What happened to ella1048's thread? It was here yesterday and now, poof, it's gone. It was about her husband not wanting to take her on a date for her birthday.


----------



## 3Xnocharm (Jun 22, 2012)

I didn't think we could delete threads?


----------



## Blondilocks (Jul 4, 2013)

Was I imagining it?


----------



## katies (May 19, 2015)

I asked about it too.

I am actually pissed about it. Ella, if you're going to post and complain about your husband but don't make a move out of fear, and THEN have the thread deleted, you're wasting our time. 

I'll never post on your threads again. It's not fair to the rest of us or anyone else out there reading it for the same kind of advice to help themselves.


----------



## SunCMars (Feb 29, 2016)

katies said:


> I asked about it too.
> 
> I am actually pissed about it. Ella, if you're going to post and complain about your husband but don't make a move out of fear, and THEN have the thread deleted, you're wasting our time.
> 
> I'll never post on your threads again. It's not fair to the rest of us or anyone else out there reading it for the same kind of advice to help themselves.

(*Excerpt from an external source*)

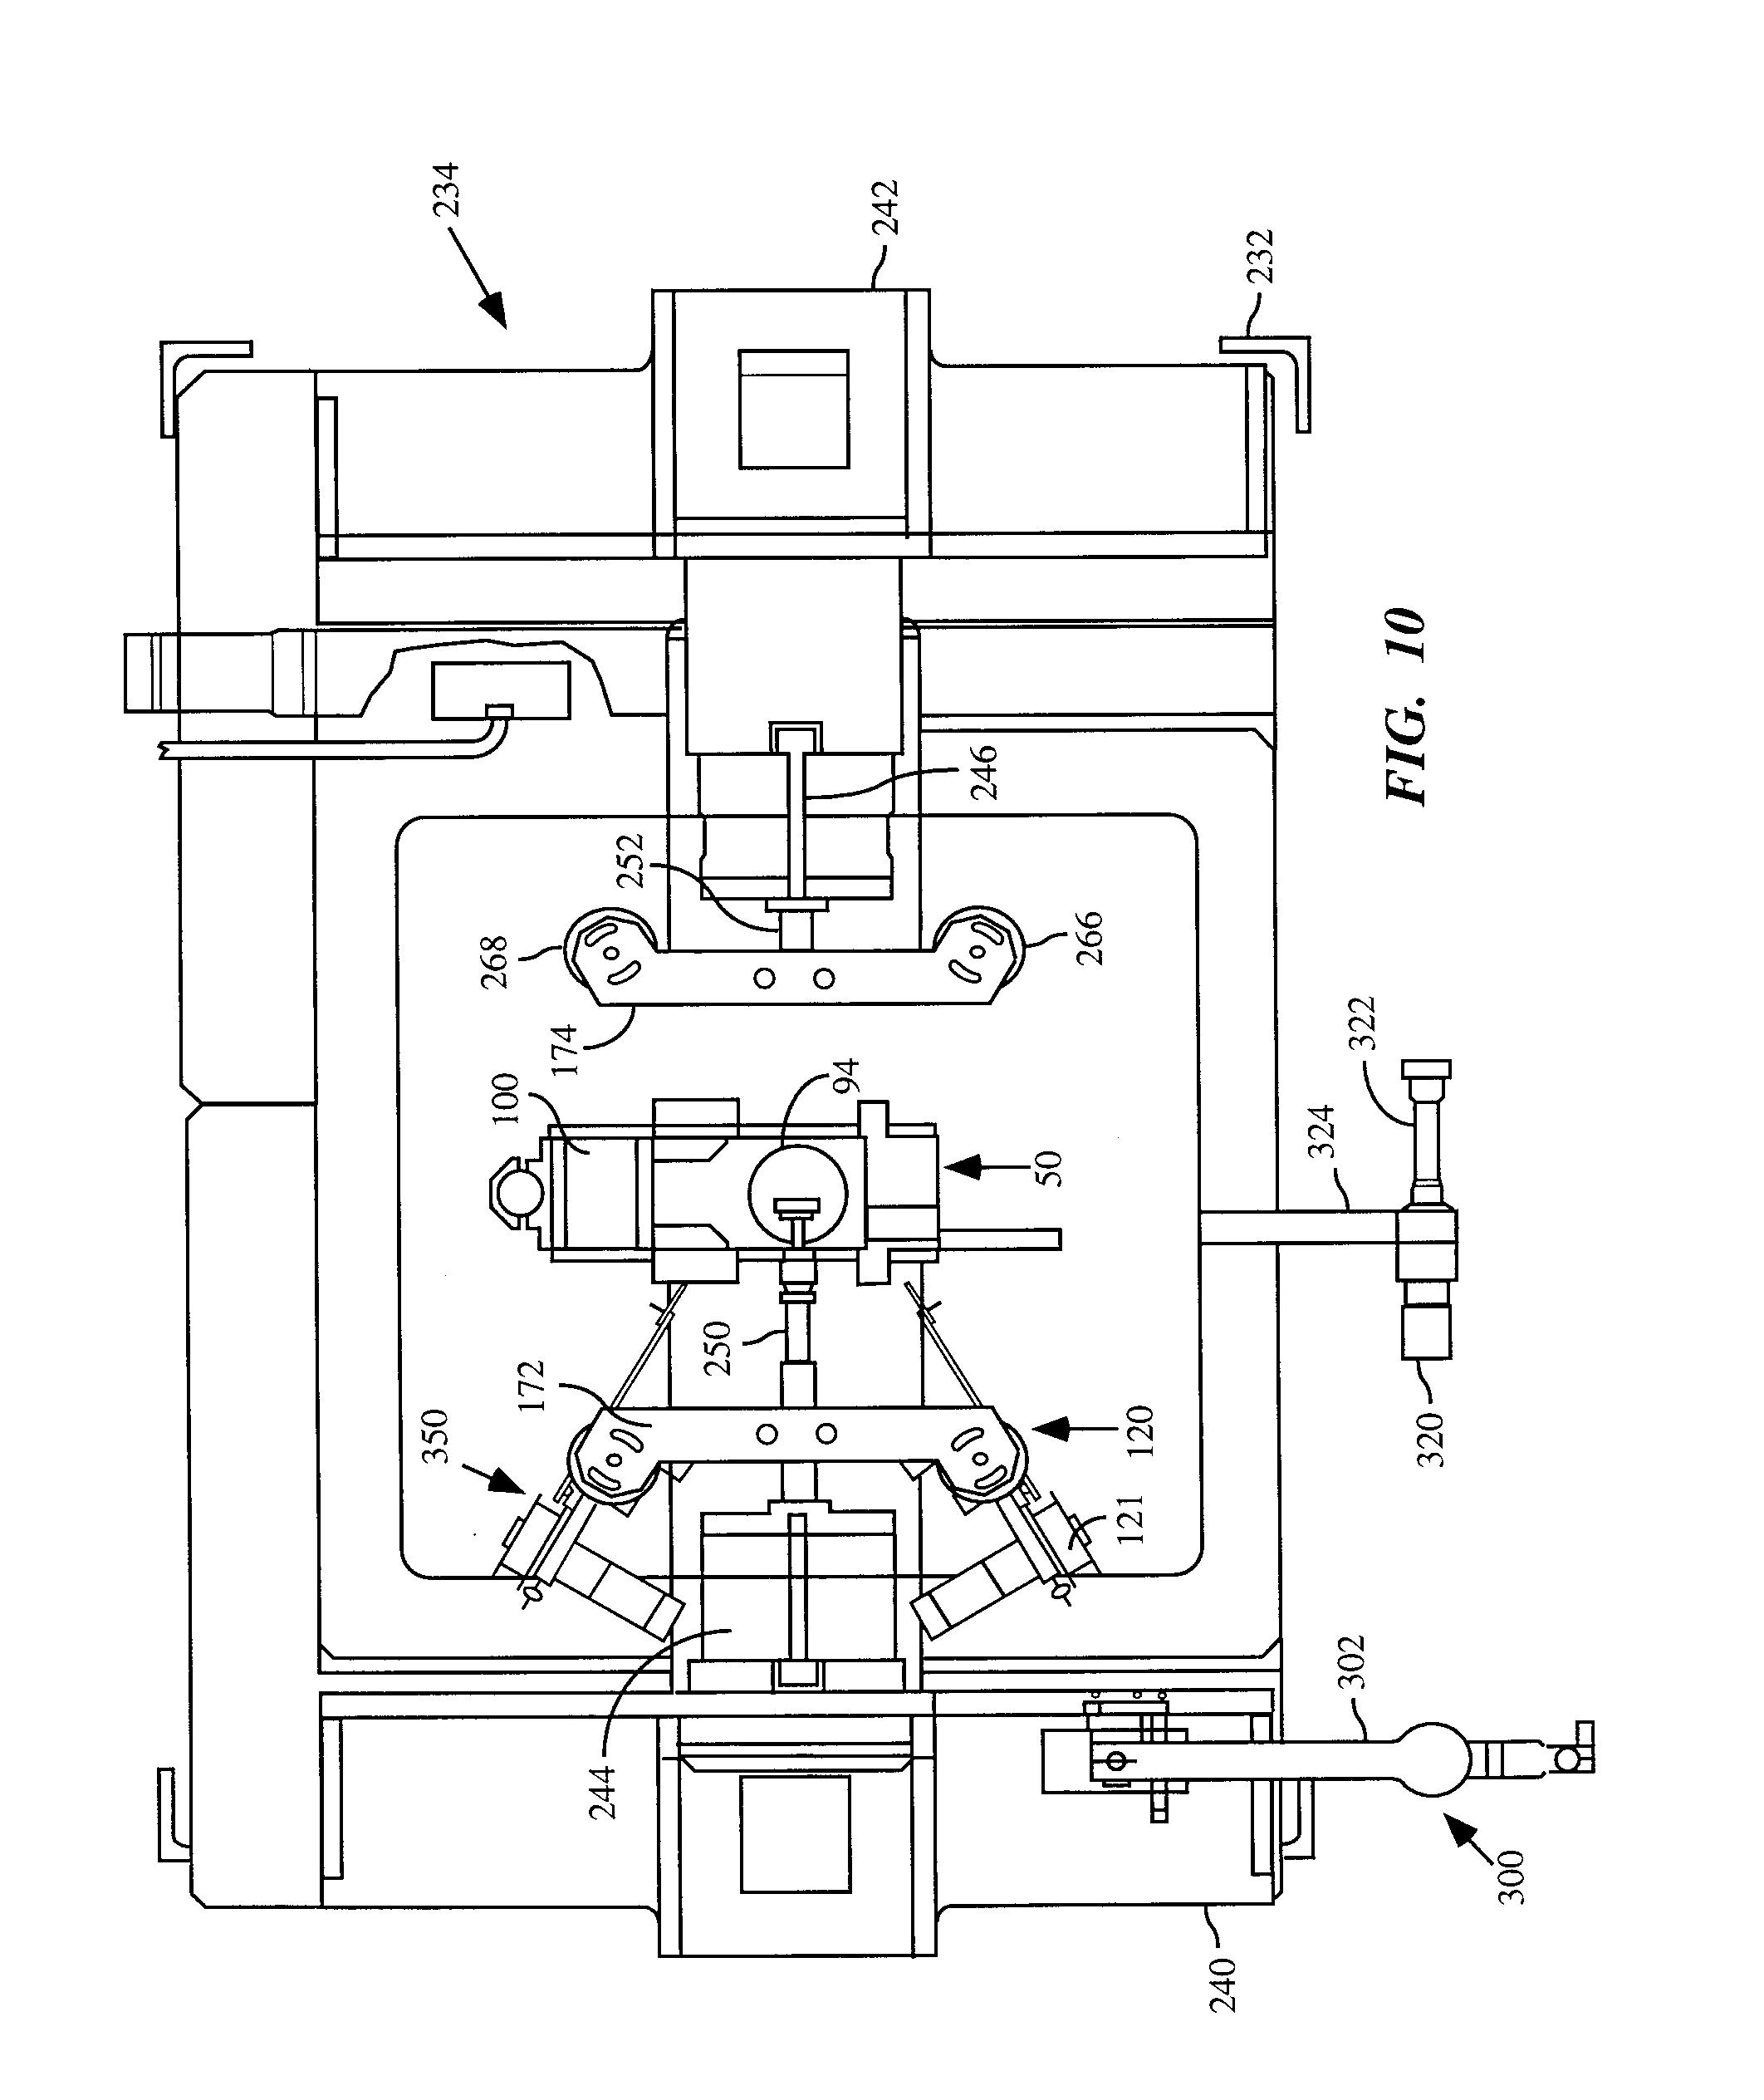 patent ep0663364a2

You are strong, she may not be.

She may have folded, her remains buckled over in pain and in anguish.

Lighten up.

There will be other Threads, other Breads to consume, to digest.
If you want more advice, post again.

TAM will not leave 'you' hanging.

Not 'you', maybe me hanging by my neck.

I could do with a few more inches of height.
Just a few.
Being a writer in pencil, not a pencil-neck fool works for me!

Aye!





The Typist I-


----------



## FieryHairedLady (Mar 24, 2011)

Maybe she got embarrassed and asked a mod to delete it.


----------



## SunCMars (Feb 29, 2016)

Blondilocks said:


> Was I imagining it?


You?
Not capable.


Me?
Capa-of-Bull. :grin2:
A place off the southern coast of Africa. 
Near the Cape of Good Hope.


You?
Not capable.


----------



## Blondilocks (Jul 4, 2013)

It's hard to understand why one member is consistently granted the privilege of having every single thread she starts deleted.:scratchhead:


----------



## Livvie (Jan 20, 2014)

I wondered, too. Yes, why did her thread get deleted and no one else gets the privilege??

Seems TOTALLY unfair. Why?????


----------